GITA BEZARD Some Friendly Advice

A self described “cheeky unicorn-like dancer”, Gita Bezard (Yoshi’s Castle, Girl Shut Your Mouth) is the co-writer and director of the newest The Last Great Hunt production, The Advisors. Opening at the State Theatre Centre of WA this week (playing until June 10), the latest play from this burgeoning theatre company promises a range of scenarios, from the everyday to the fantastical. DAVID O’CONNELL spoke to her to find out what The Advisors is about, what audiences can expect, and was it true she was dressed as a squirrel when she discovered her love of the theatre.

As to what The Advisors is about, well, that’s pretty self-evident. “It is about advice,” says Bezard. “We give the audience advice through the show, both good advice and horrible advice.”

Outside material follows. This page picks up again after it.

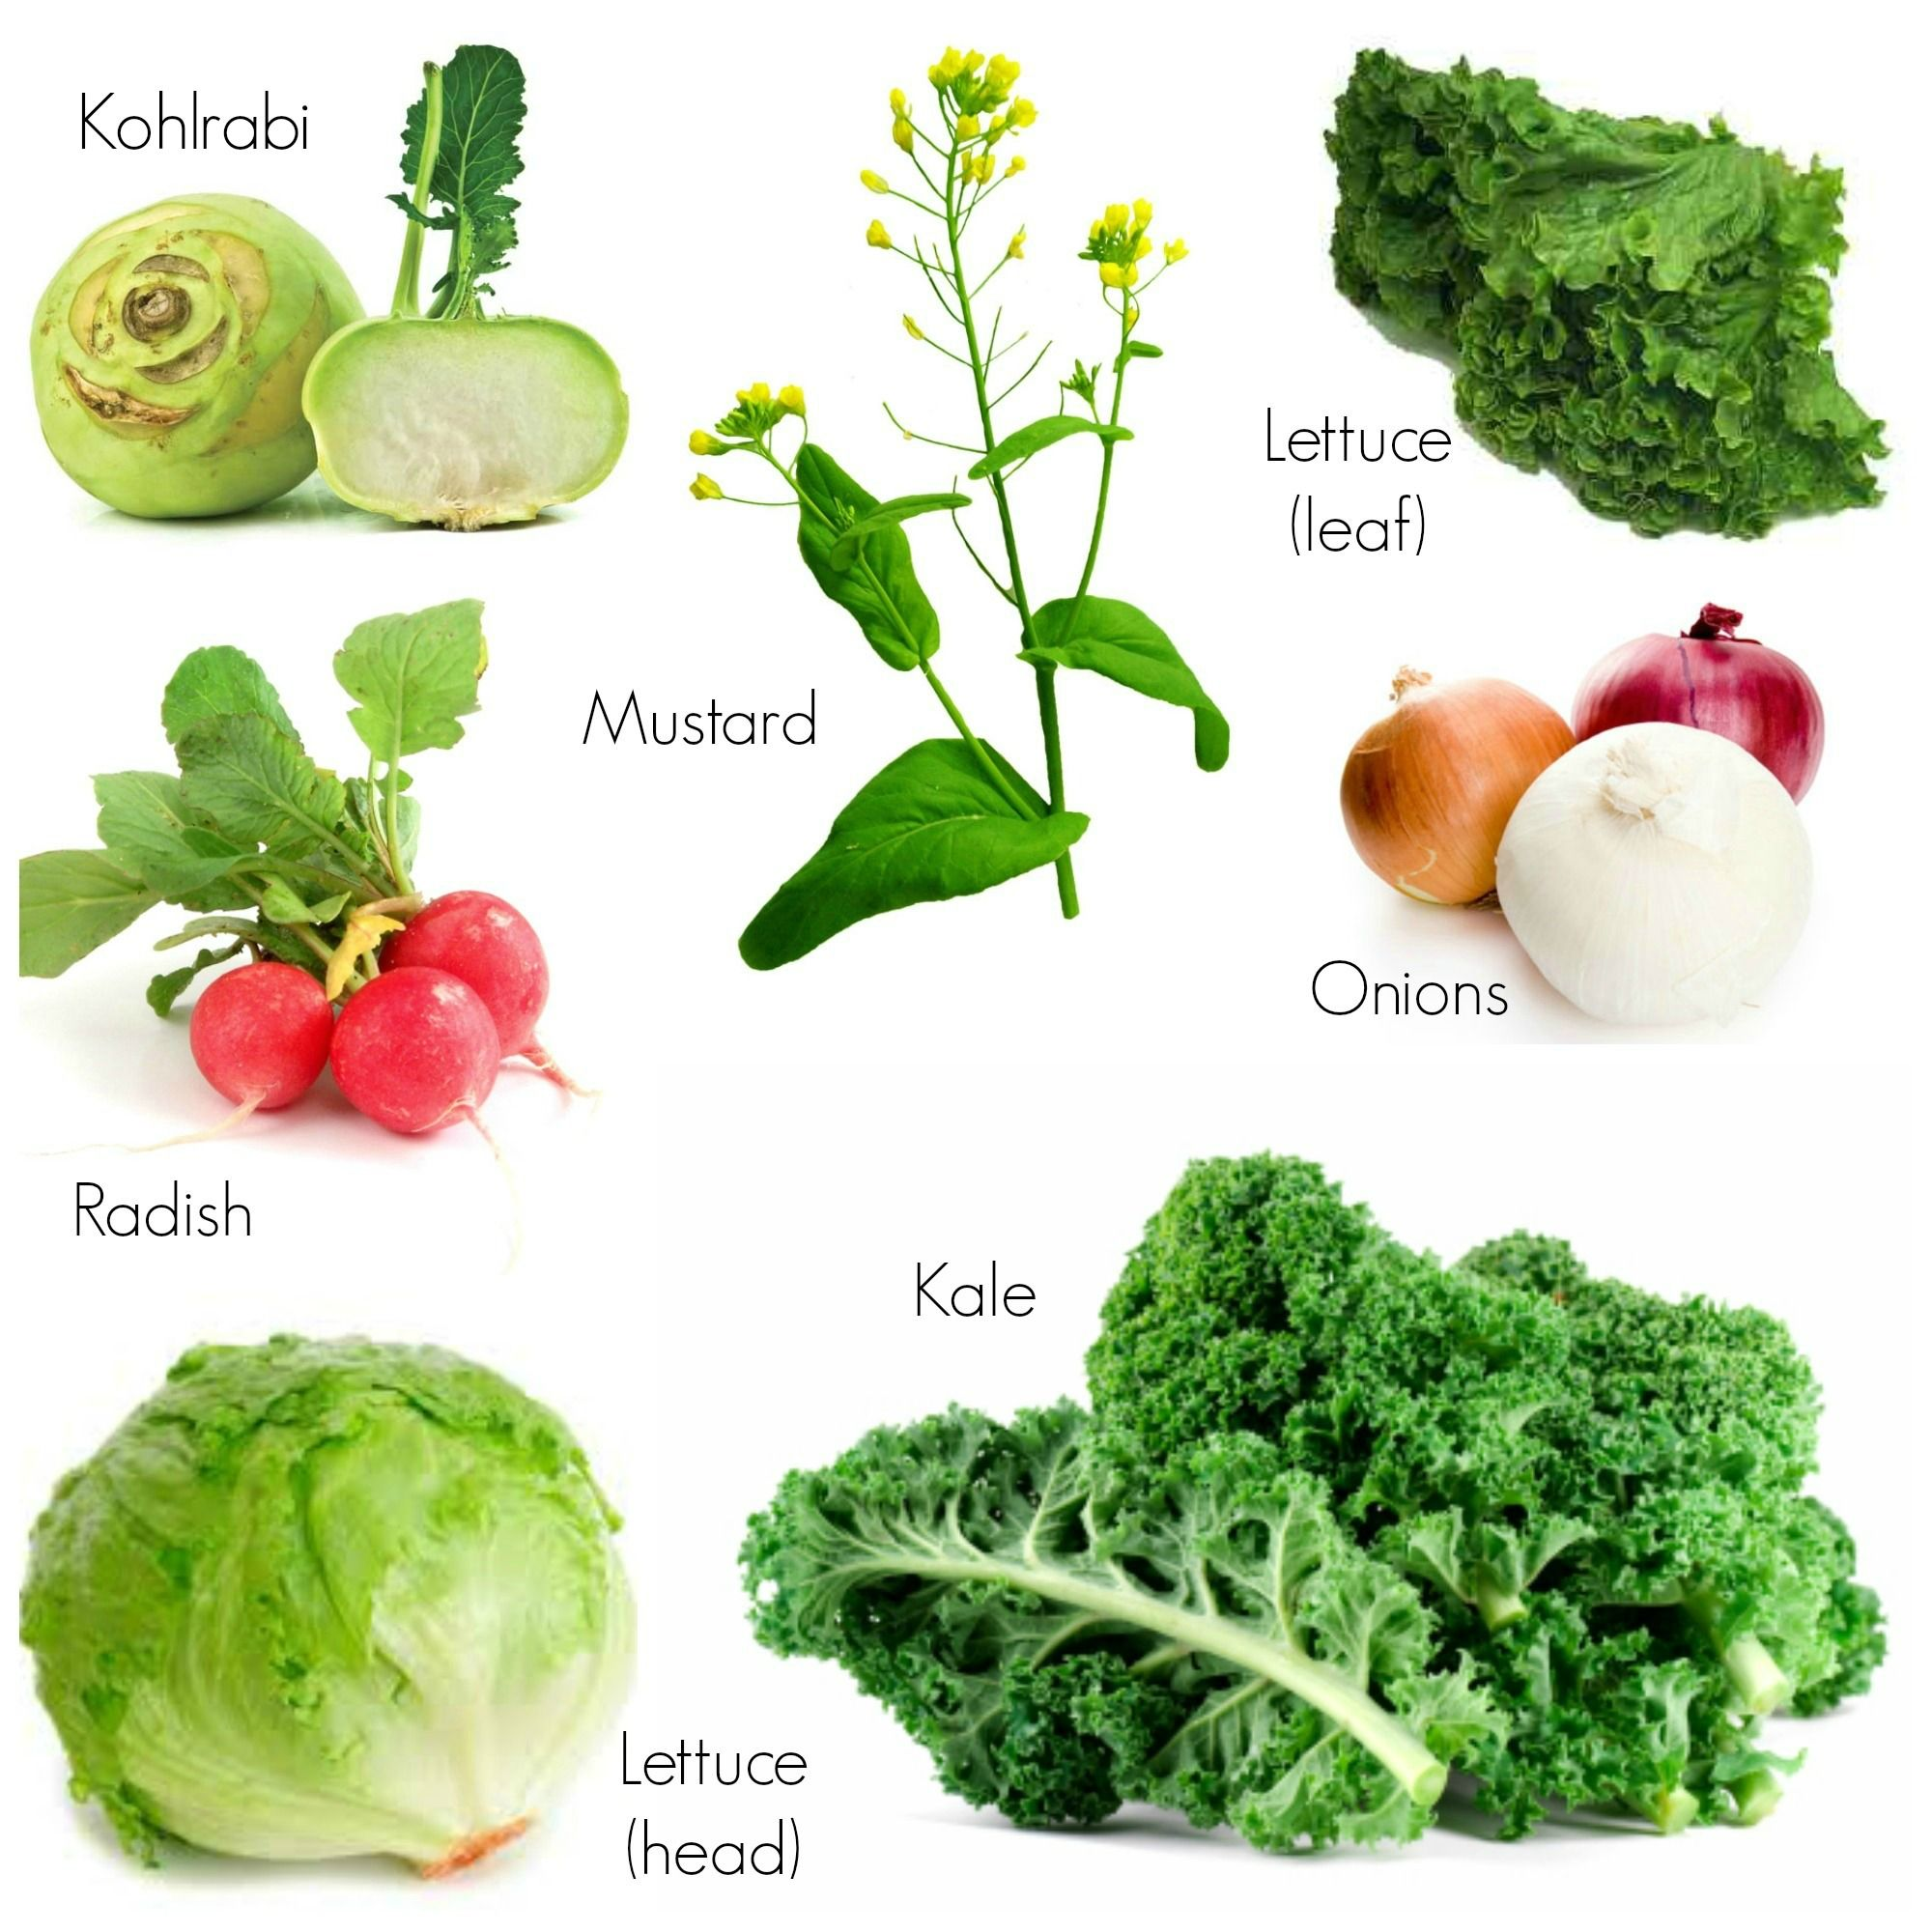 How To Grow And Use Fall Veggies

This takes the audience down an ever deepening rabbit-hole of what advice can be about in our society. “It’s about the way we give advice, spoken and unspoken,” she says. “You can have advice from beauty magazines, or advertising gives you advice, as well as friends and family. It helps to control, and also to build people.

“We are also looking at how it can be wanted, how it can be asked for, or it can also be very much unsolicited – aggressive and violent. We cover the whole ranged of advice. In terms of the topics, we try to cover everything!”

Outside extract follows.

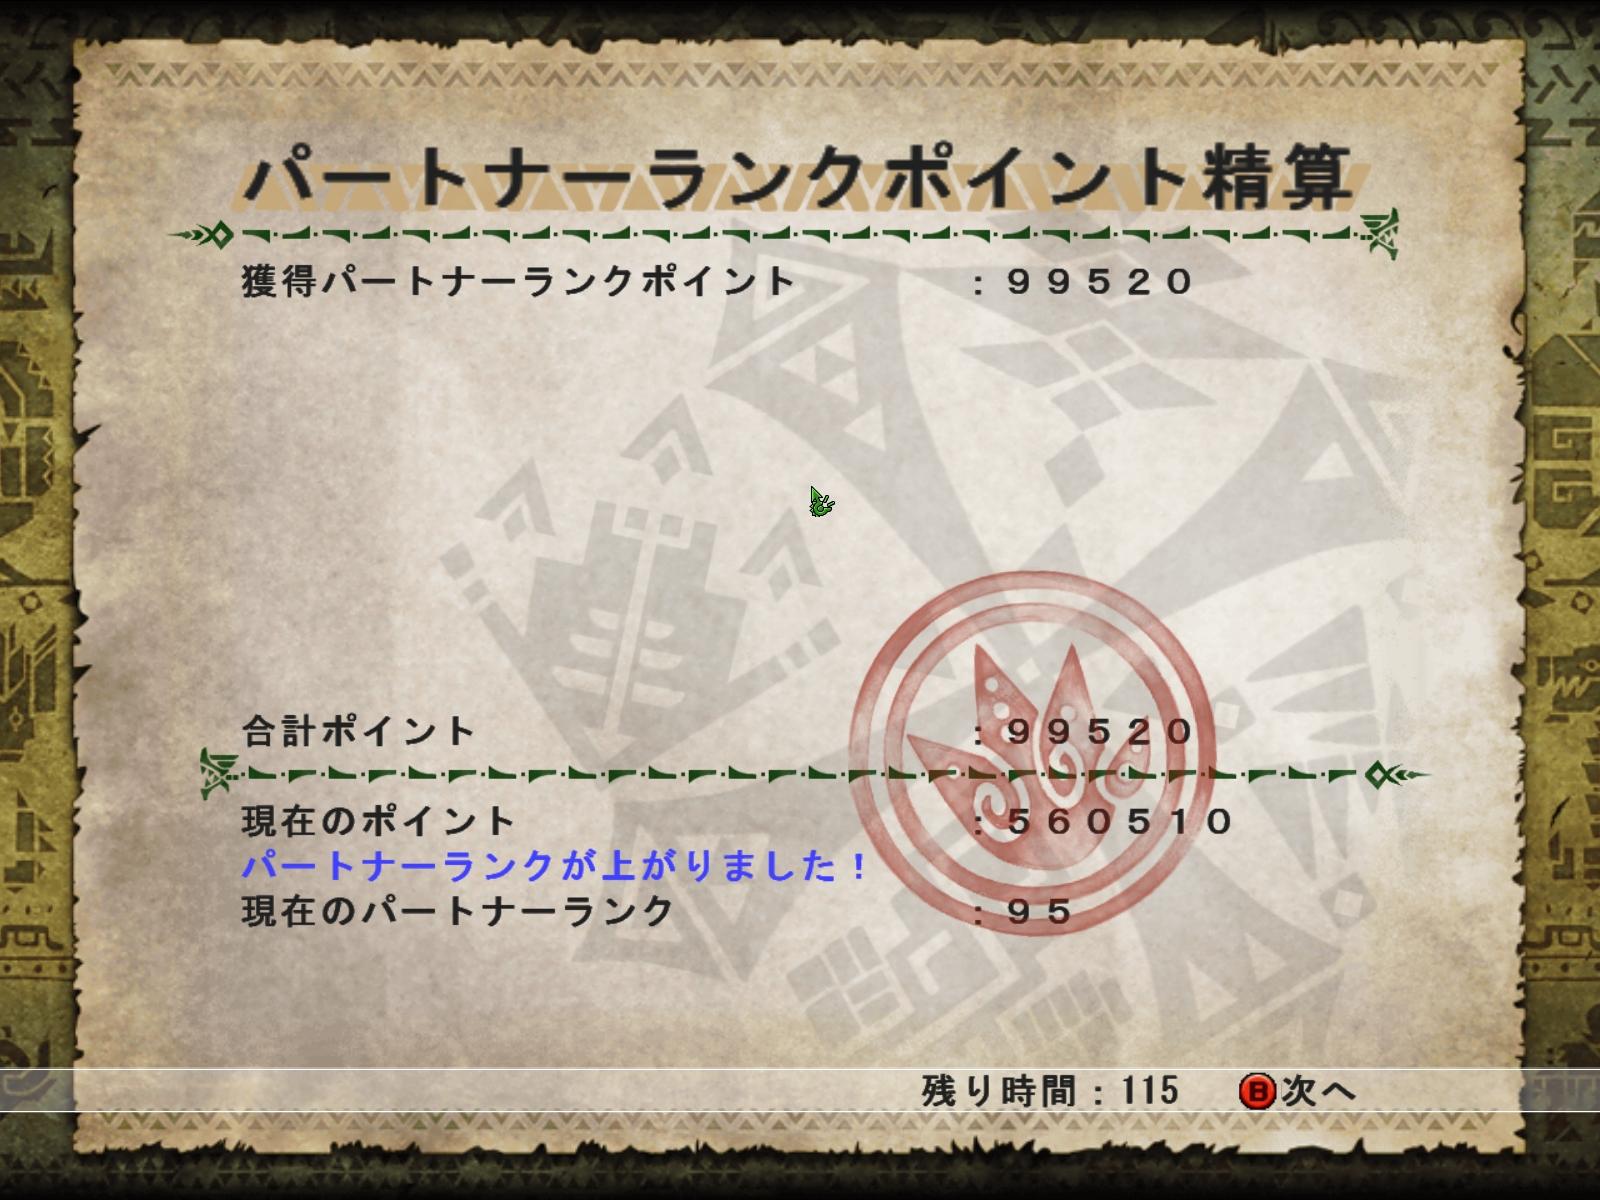 mhf_20131221_131809_960.jpg

When they say everything, they really do mean it. “Of course we don’t get to everything, but general advice, finance, health, advice that you would hear everyday.” She pauses for a breath before continuing on. “Advice of parents. Then on gender and race. Then more existential ideas; such as advice for the Earth, advice for dinosaurs, advice for milk going off in the fridge, advice for dictators, how to die, advice for the apocalypse… that kind thing. We really cover lot of stuff.”

Gita Bezard

The genesis of the show stemmed from Bezard. “I had wanted to write a show about all the things that are said to women, in terms of the way they are policed,” she says. “In terms of the way they are dressed, and their safety. Don’t walk alone at night don’t get into a taxi at night, don’t walk through a park wearing that dress at night. Things like that.”

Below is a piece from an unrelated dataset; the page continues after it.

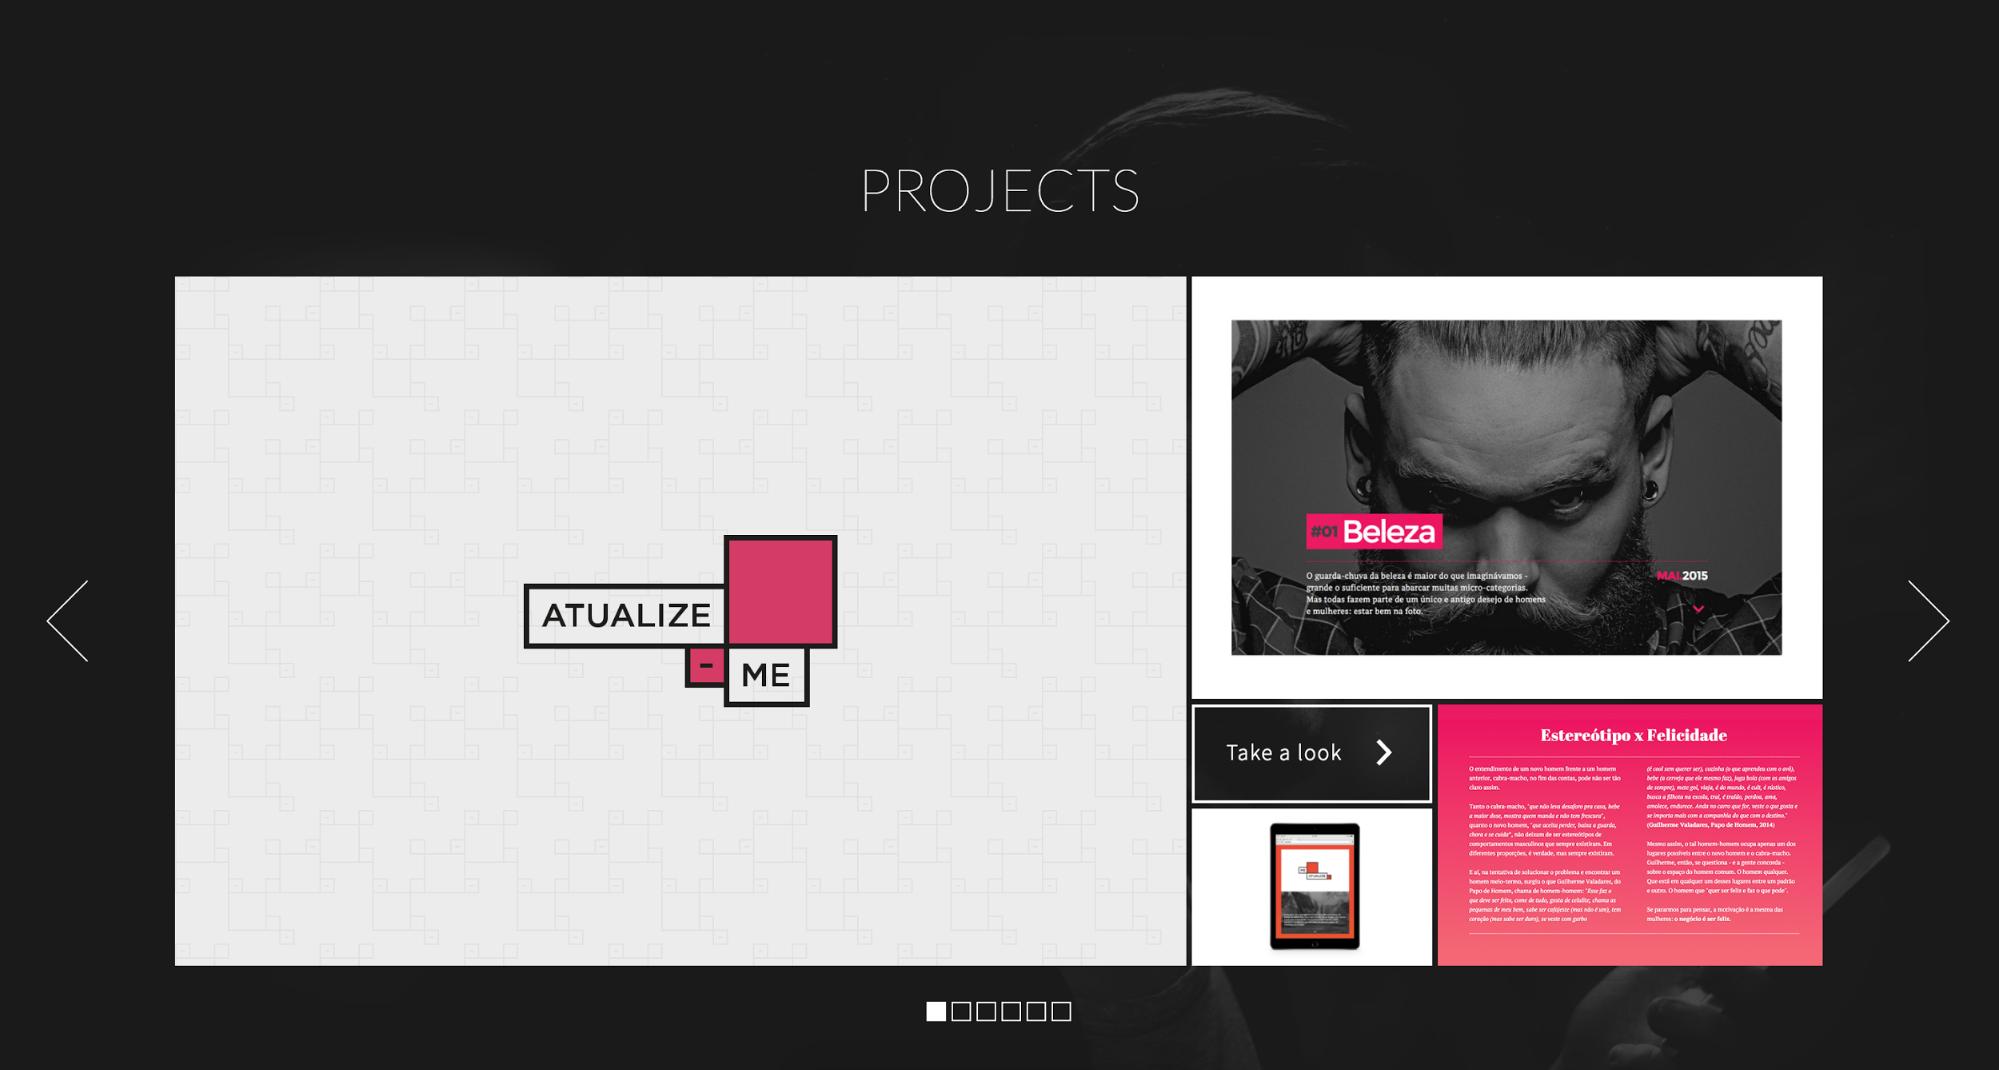 Carousel/slider design best practices | Webflow Blog

After writing a short piece, The Last Great Hunt as a collective began to expand on ideas from there. “We wrote more for women, then we wrote genders, and just expanded,” she says. “Everyone has written some part of the script. Then I did a massive edit afterwards. So everyone has text in there, which is great, as everyone owns it.”

For Gezard, theatre has a definable quality, that differentiates it from cinema or TV in terms of story telling. The Advisors seeks to exploit this edge. “What theatre has, that say television or film doesn’t have, is just the immediacy of what is happening, and the inability to turn it off,” she says. “You can’t pause it, you have to be there with it. I think that is really important, as in this day and age we control our medium so much, and we are crushing down our attention span bit by bit, and theatre doesn’t allow you to do that.

“You have to sit there and be with it, and deal with it. We have some bits that are uncomfortable. It’s not all good advice, and it is not all nice advice. Some of it is brutal, the kind of thing that you don’t want to hear, but it exists in the world.”

As for being dressed as a squirrel when discovering her love of theatre? Yes, that is true. As a child she was cast in her grandmother’s staging of Wind In The Willows, when she discovered it. Later that love of stage was noticed by her lecturer in teaching, who told her she should use that and turn it into a career.